A selection of recent commentary on the election (and elections generally), the current economic mess, recent debates (and debates generally), and other topics.

The following list of excellent readings requires a disclaimer: I am not reviving the weekly list. I wish that LBB allowed time for that, because I enjoyed it, and it was fairly popular. But it doesn't, and I'm not.

Economic Trouble

Craig Torres, writing for Bloomberg, describes the commercial paper bailout, which is as crucial as anything right now, but less known.

Former Senator Rick Santorum wrote a good column about how we got into this mess. (The "former" in that previous sentence is sad.)

James Pethokoukis at US News has a short piece comparing what we propose to do now about the financial crisis with what we did in the 1980s.:

Victor Davis Hanson's analysis of who's to blame is food for thought.

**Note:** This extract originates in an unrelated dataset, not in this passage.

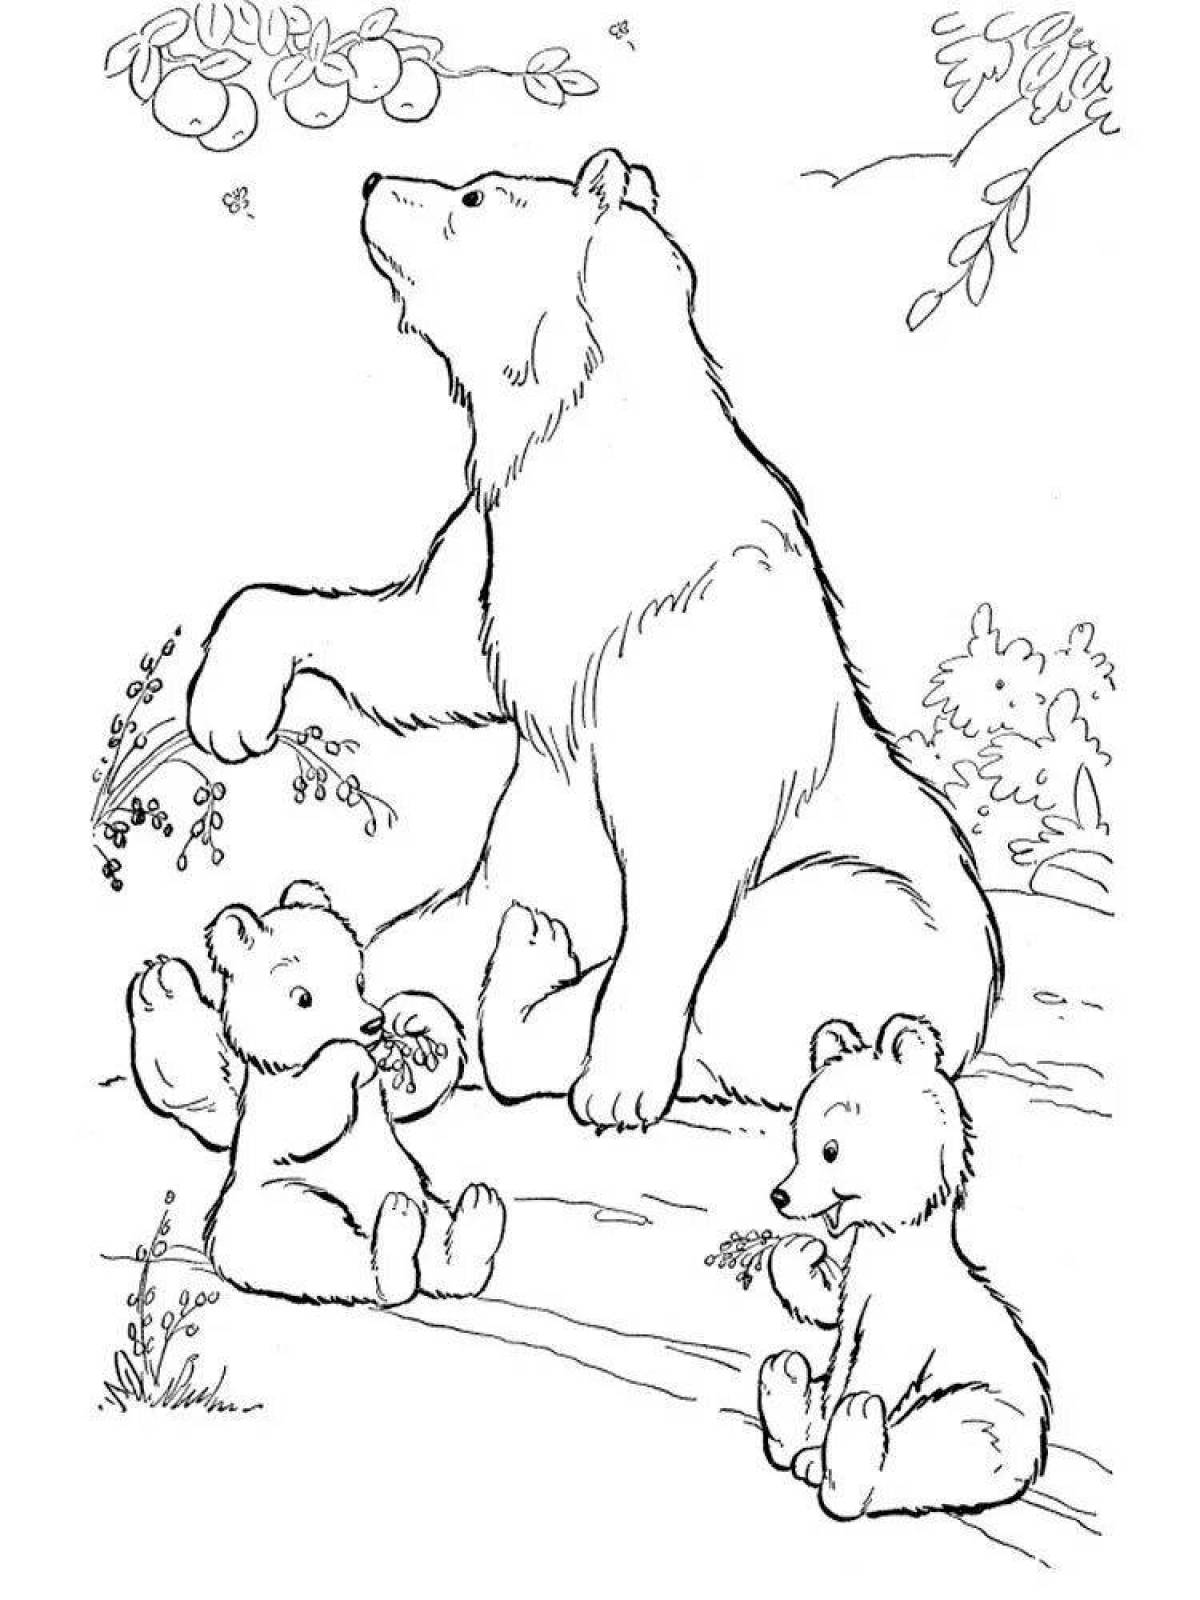 Playful teddy bear coloring book

Thomas Sowell asks, Do facts matter?


You wouldn't think it would happen here, a major presidential candidate demanding criminal investigations of opponents, and his supporters threatening criminal prosecution of people who openly disagree with "The One," but Michael Barone explains this and more in "The Coming Obama Thugocracy."

George Will doesn't like early voting. It violates an important civic ritual: voting on Election Day.

Alvaro Vargas Llosa says we're being cheated out of a crucial debate in this presidential election: big government vs. limited government.

Wondering what ACORN is all about? That's where Barack Obama did his community organizing. Jeane MacIntosh has a sample of their work for you.

Robert Novak reviews a history book which shows, among other things, than campaigns have been dirtier at least once in our history than they are now: Edward J. Larson's A Magnificent Catastrophe: The Tumultuous Election of 1800, America's First Presidential Campaign. (Come to think of it, Eric Burns' Infamous Scribblers: The Founding Fathers and the Rowdy Beginnings of American Journalism demonstrates the same thing, and is also a good read.)


Paul Greenberg wants real debates. And . . .

Paul Greenberg's essay on how to judge a political debate is deft and insightful.

Dick Morris and Eileen McGann think the vice presidential debate was a huge win for Sarah Palin. (I am less inclined to superlatives, but I don't think it was a loss.)

I don't usually read Ann Coulter, but her piece on Senator Biden in the veep debate was fun.

John F. Harris and Jim Vandehei at Politico.com think the second presidential debate was "the worst debate ever."


An alert and tasteful reader sent me this superb P. J. O'Rourke essay.